If you are one of the many people who have a fear of spiders, you may want to stop reading now. Or at the very least, you may want to make sure you are not reading this aloud, because they might be listening.
In a recent discovery that is sure to dismay many, scientists have found that spiders can hear you from across a room. What makes this even more remarkable, is that they don’t actually have any ears. What they use instead, is their hairy legs.
It had been believed that the tiny hairs on spiders’ legs were only receptive to vibrations arriving through air or solid objects from a few centimetres away. But new research has now shown that their senses are far more acute, and allows them to hear sounds from up to 5 metres away.
Paul Shamble, who led the research at Cornell University in Ithaca, New York, says that the findings are exciting as it upends the belief that spiders rely mainly on sight and touch to navigate the world around them.
Shamble and his colleagues made the discovery partly by chance. They had set out to study how a type of jumping spider, Phidippus audax, processes visual information, only for the sound of a moving chair to change the direction of their research.
The team was using microelectrodes implanted in the spiders’ brains to monitor neuron activity when they noticed that the spiders were responding to the sounds of scraping chairs from several metres away.
To even obtain these electrical recordings was quite an achievement. Previously, any attempt to drill a hole into a spider to record brain activity had caused the creature to explode. This is because spiders are filled with highly pressurised liquids that allow their bodies to function like a hydraulic system.

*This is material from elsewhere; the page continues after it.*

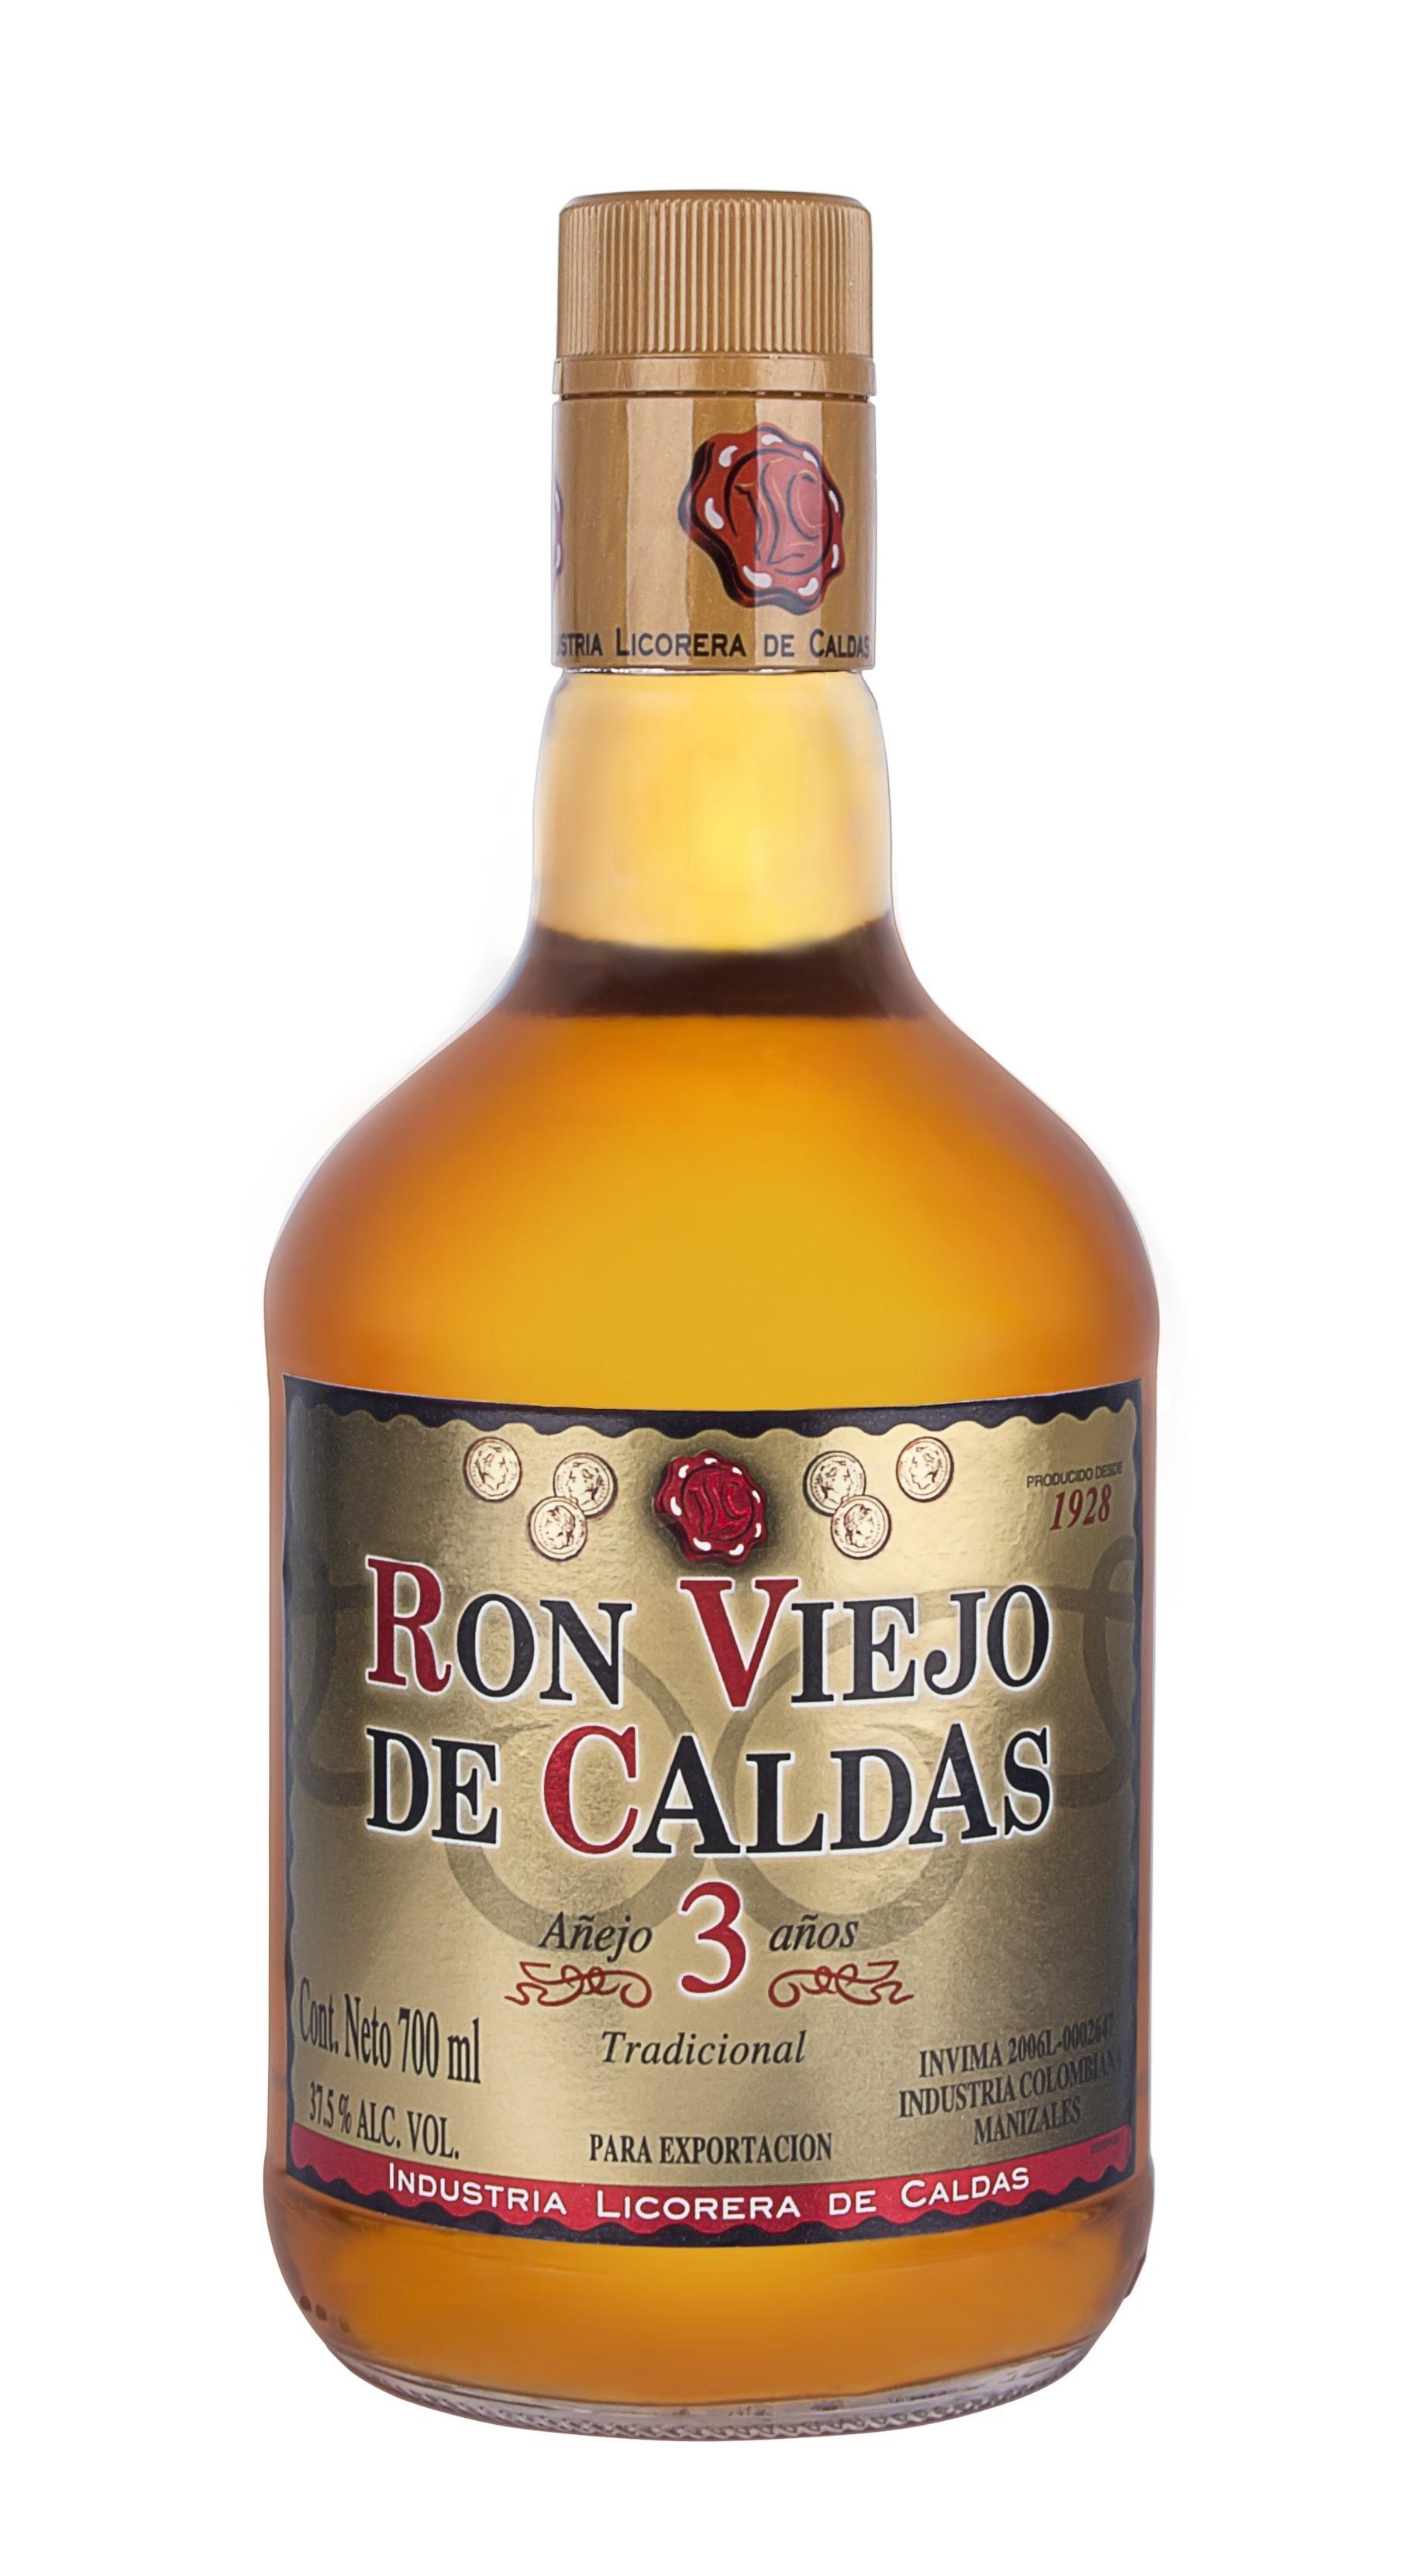 RON VIEJO DE CALDAS 3 AÑOS

Whilst the thought of exploding spiders may fill many arachnophobes with glee, it would not of been an efficient means of study for the research team.
To prevent this messy end, a tiny hole was made in the spiders’ heads and allowed to self-heal around an electrode as thin as a hair. The researchers could then observe the workings of a brain the size of a poppy seed.

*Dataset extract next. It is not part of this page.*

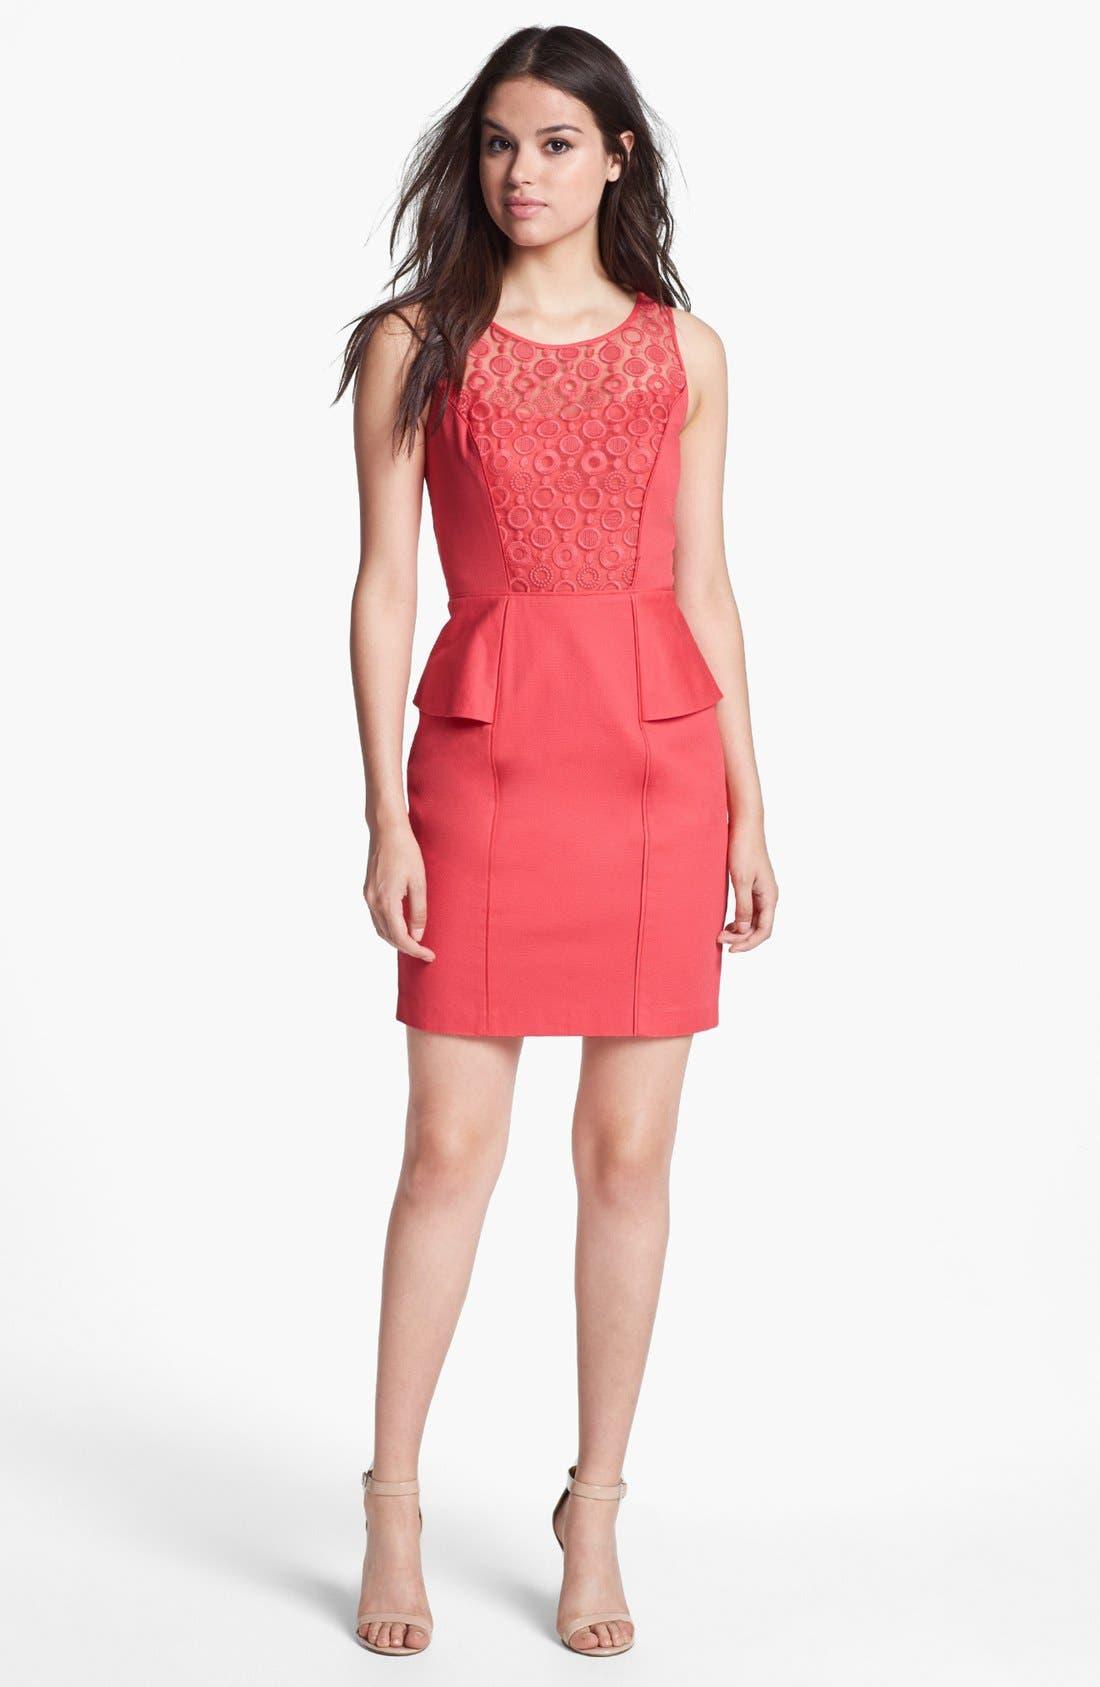 Main Image - Jessica Simpson Lace Yoke Sleeveless Peplum Sheath Dress

This revealed that the spiders were most responsive to low-frequency sounds of around 80 to 400 hertz, which is about the pitch of a deep male voice. This corresponds with the wingbeat frequency of parasitoid wasps and flies that prey on the jumping spider.
The deformations on the tiny hairs that register the sounds are found on all spiders, so researchers believe it will be a common trait.
Having already begun testing on other species, Shamble’s colleague, Gill Menda has even tried the experiment outside of the laboratory. “When I see spiders at my house or anywhere else, I find myself trying different tones to see if they respond, and sometimes they do.”
Why not try the experiment at home? There’s probably no better time to try and communicate with spiders than Halloween.